*WORK INSTRUCTION*
In the data below, set down exactly the lines from the one containing "veteransdaycelebration2020" up to and including the one containing "100% Glendale x Maap - Blauw". Leave the pictures out.

*RECORDS TO PROCESS*
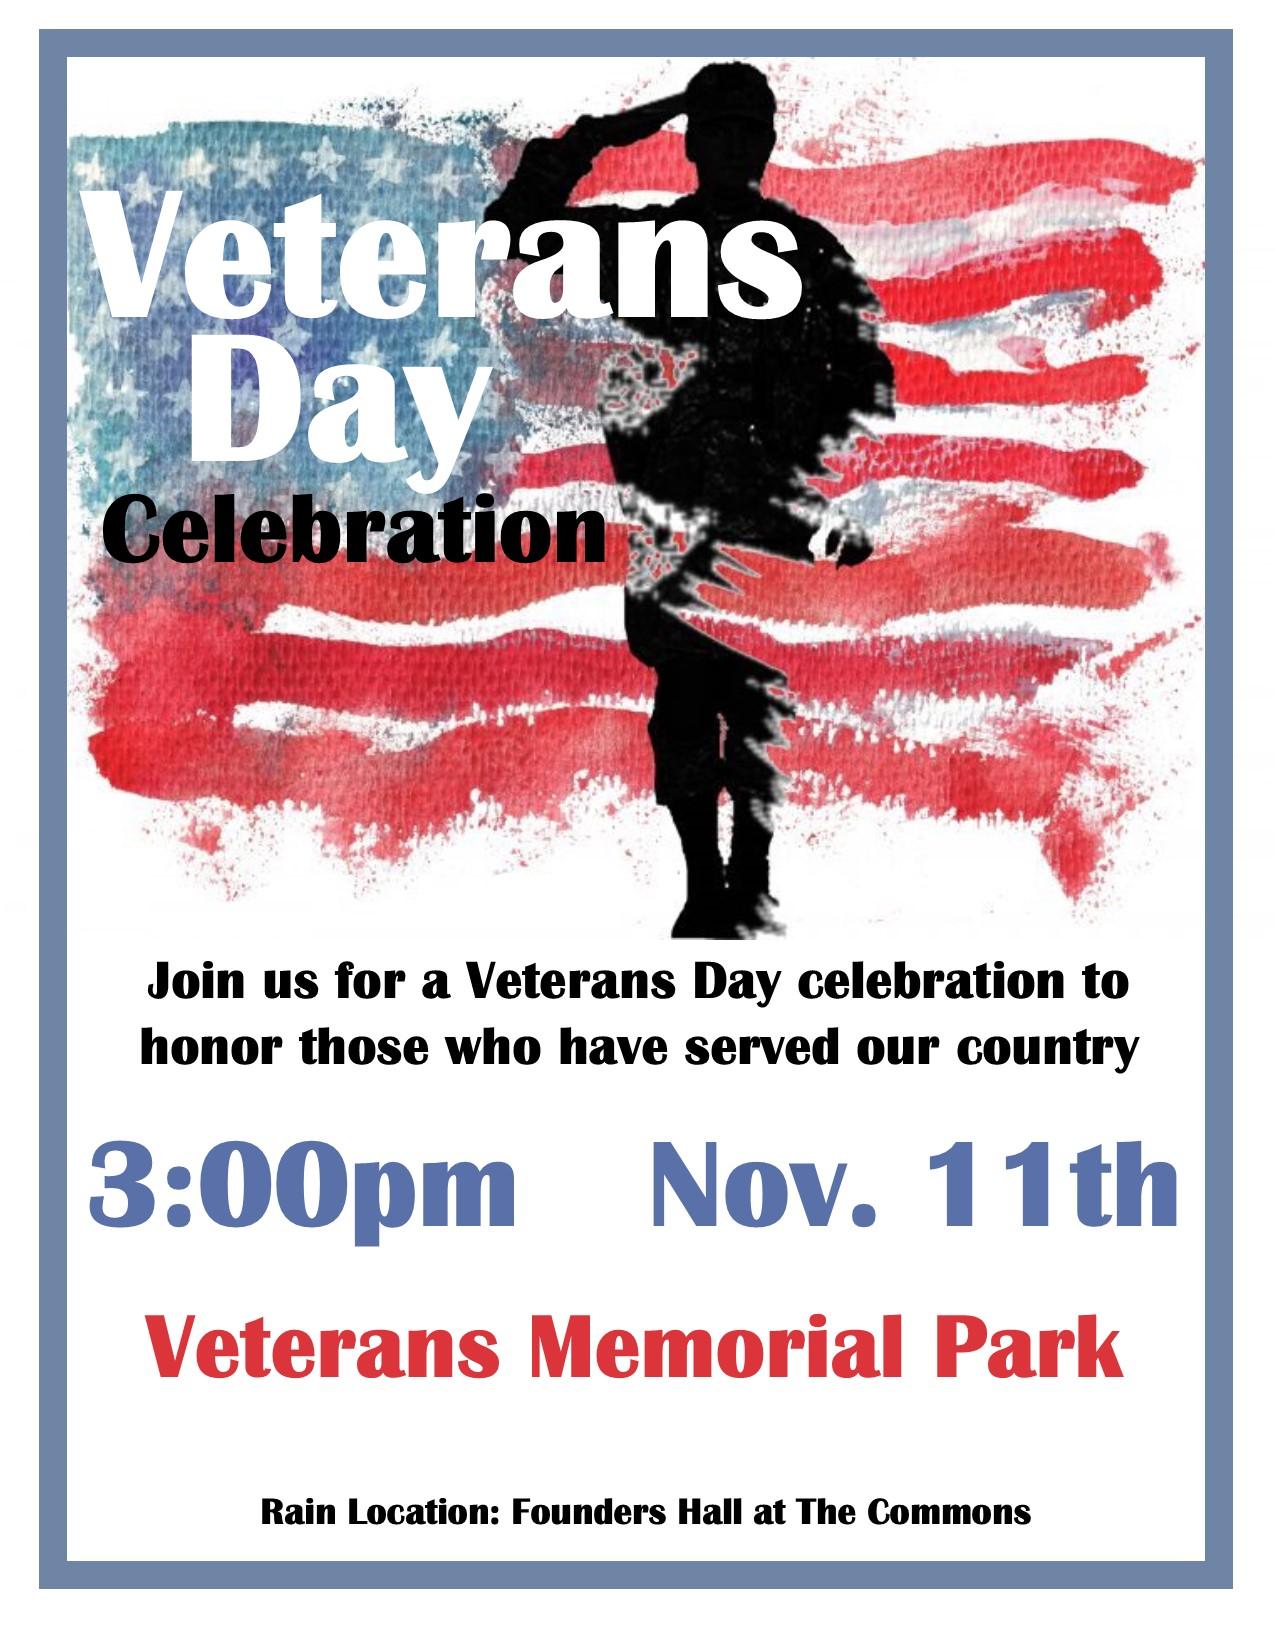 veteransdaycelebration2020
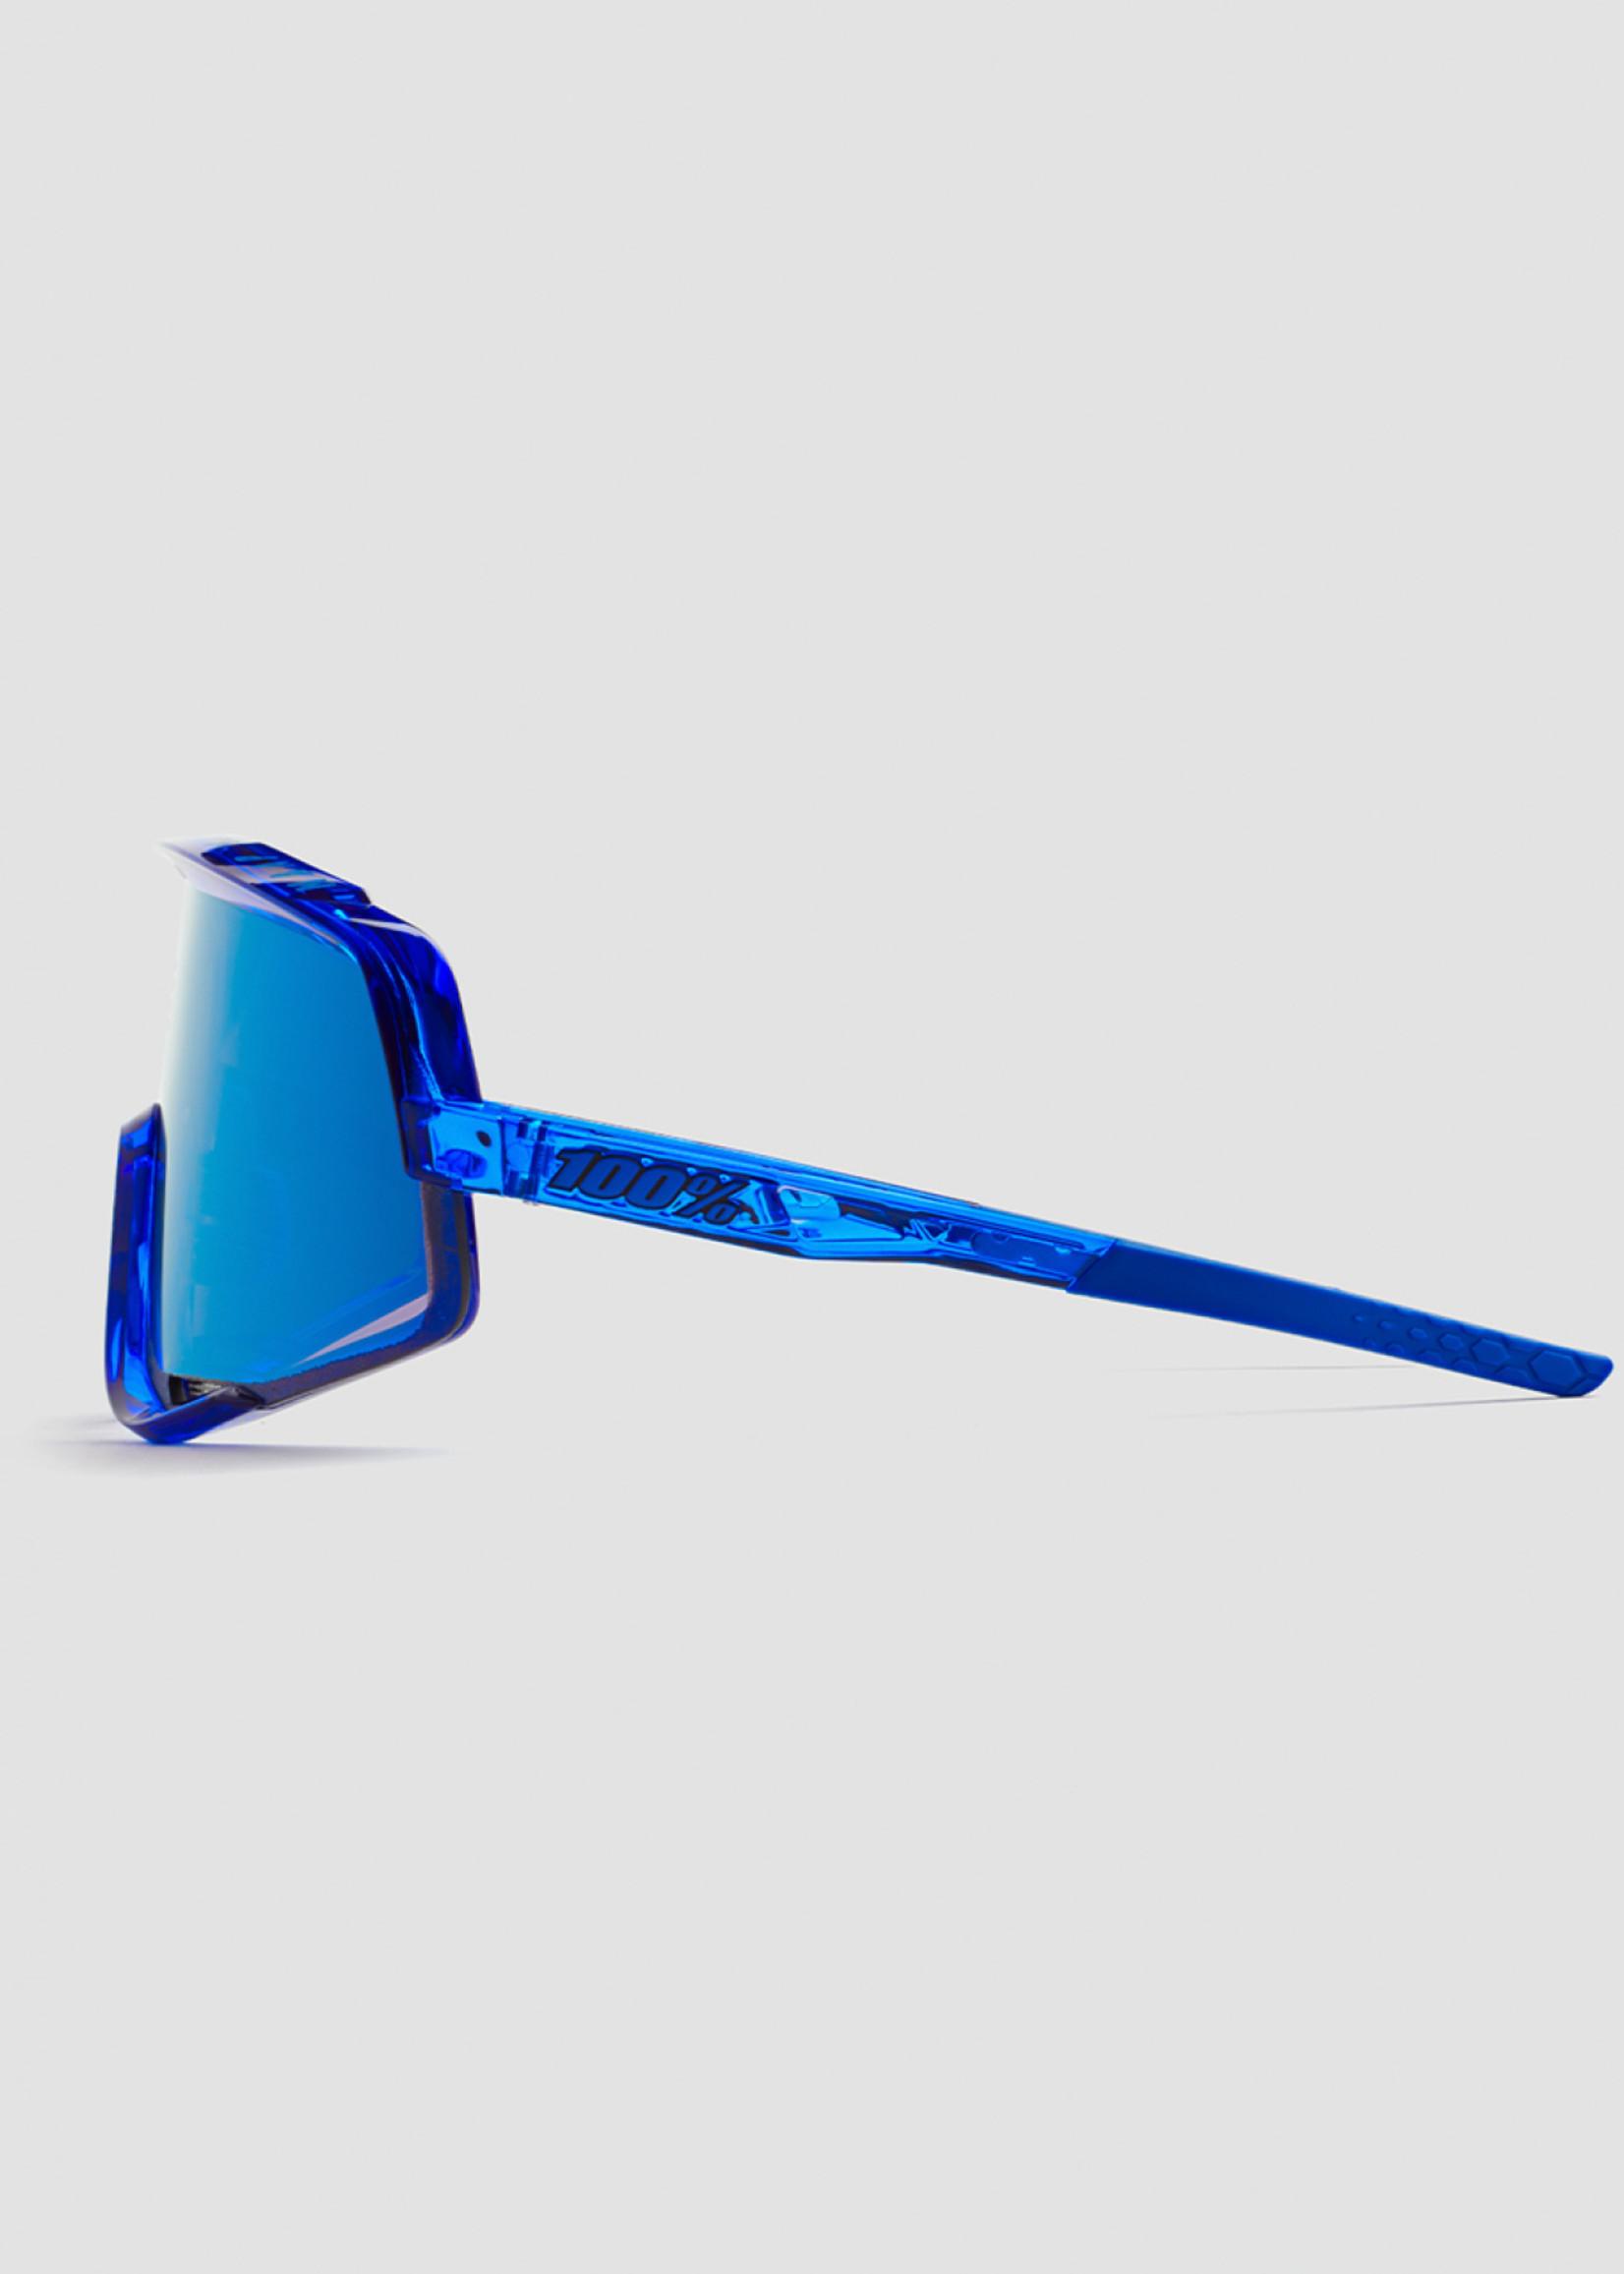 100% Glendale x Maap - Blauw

---

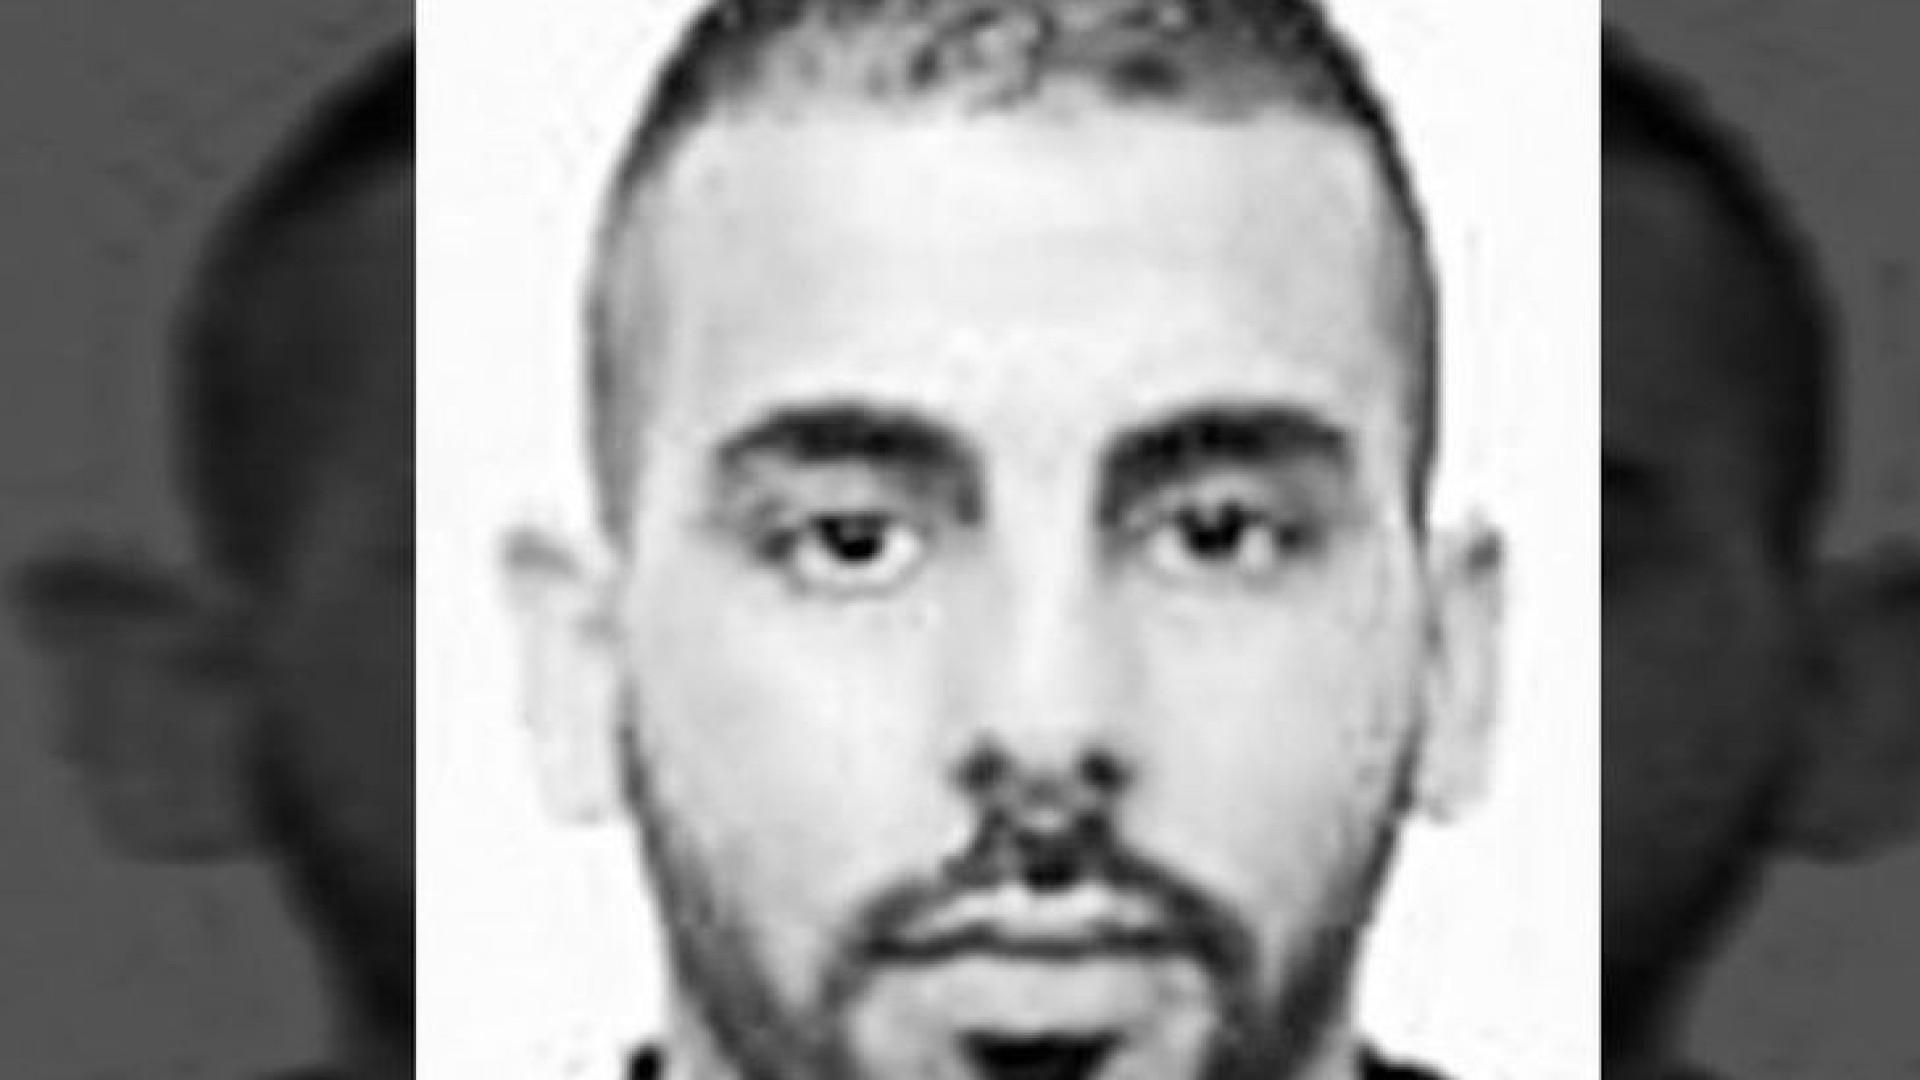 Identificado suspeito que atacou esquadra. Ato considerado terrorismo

...

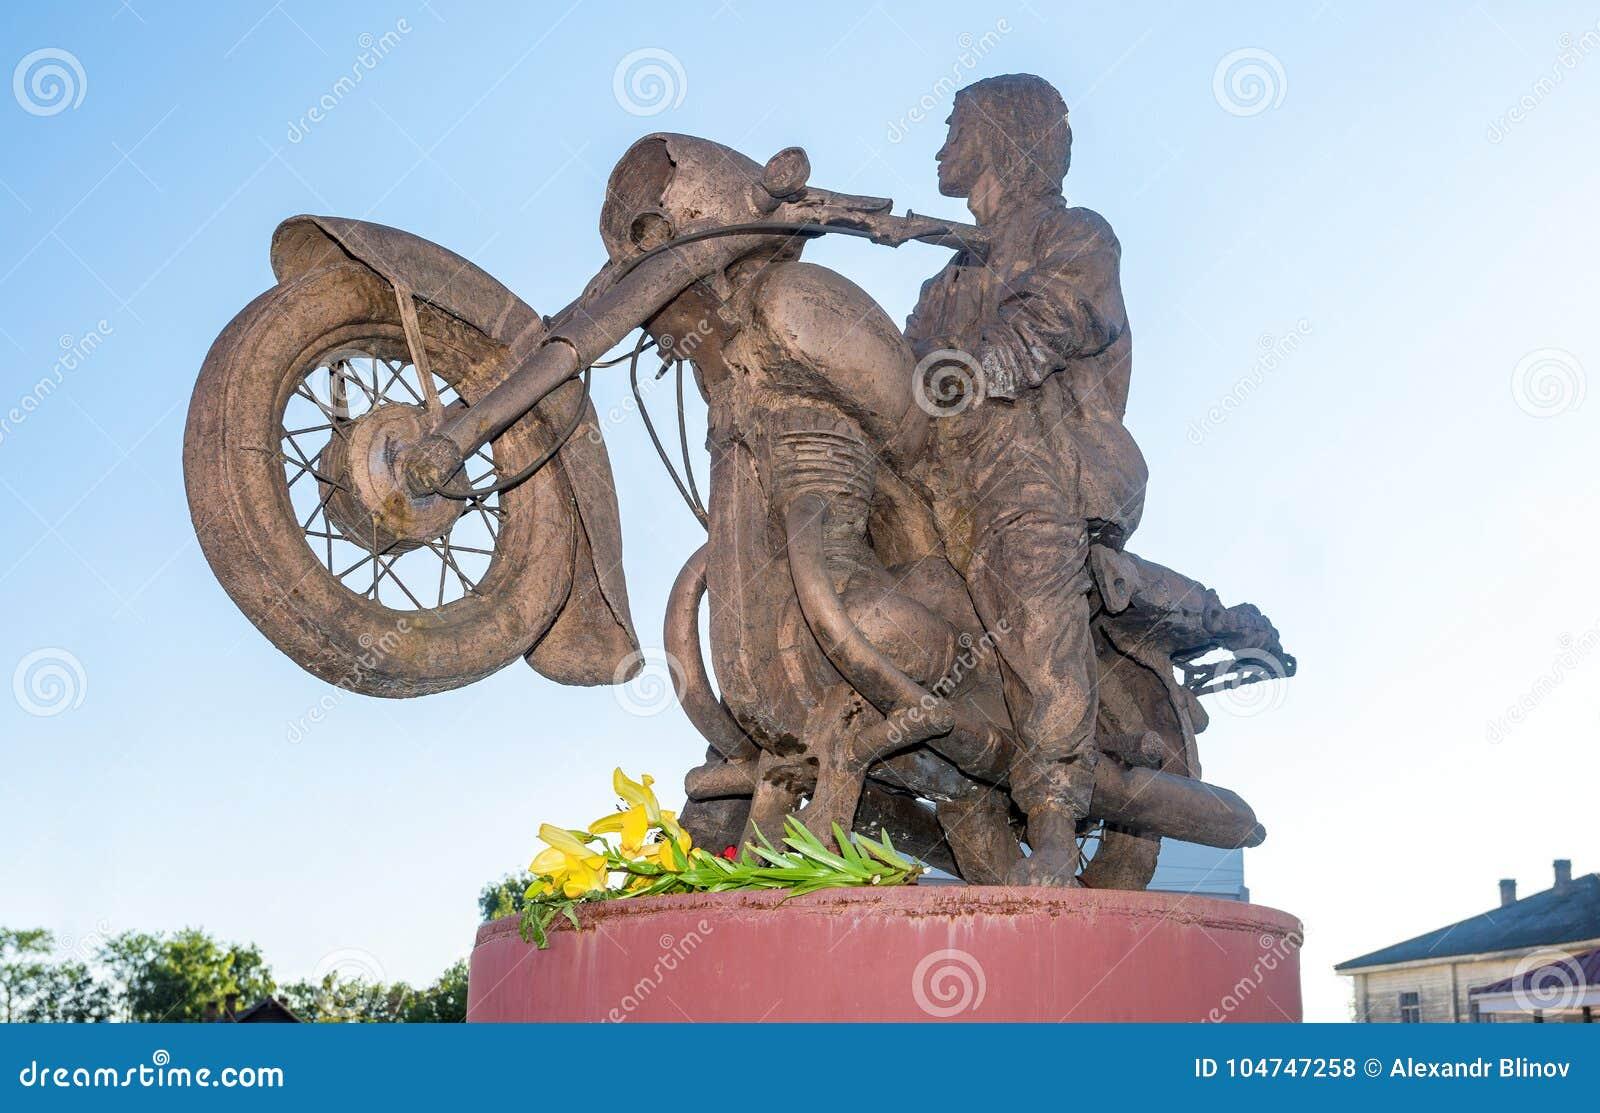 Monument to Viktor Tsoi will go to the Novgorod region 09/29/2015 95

*ANSWER TO THE EXERCISE*
 veteransdaycelebration2020
 100% Glendale x Maap - Blauw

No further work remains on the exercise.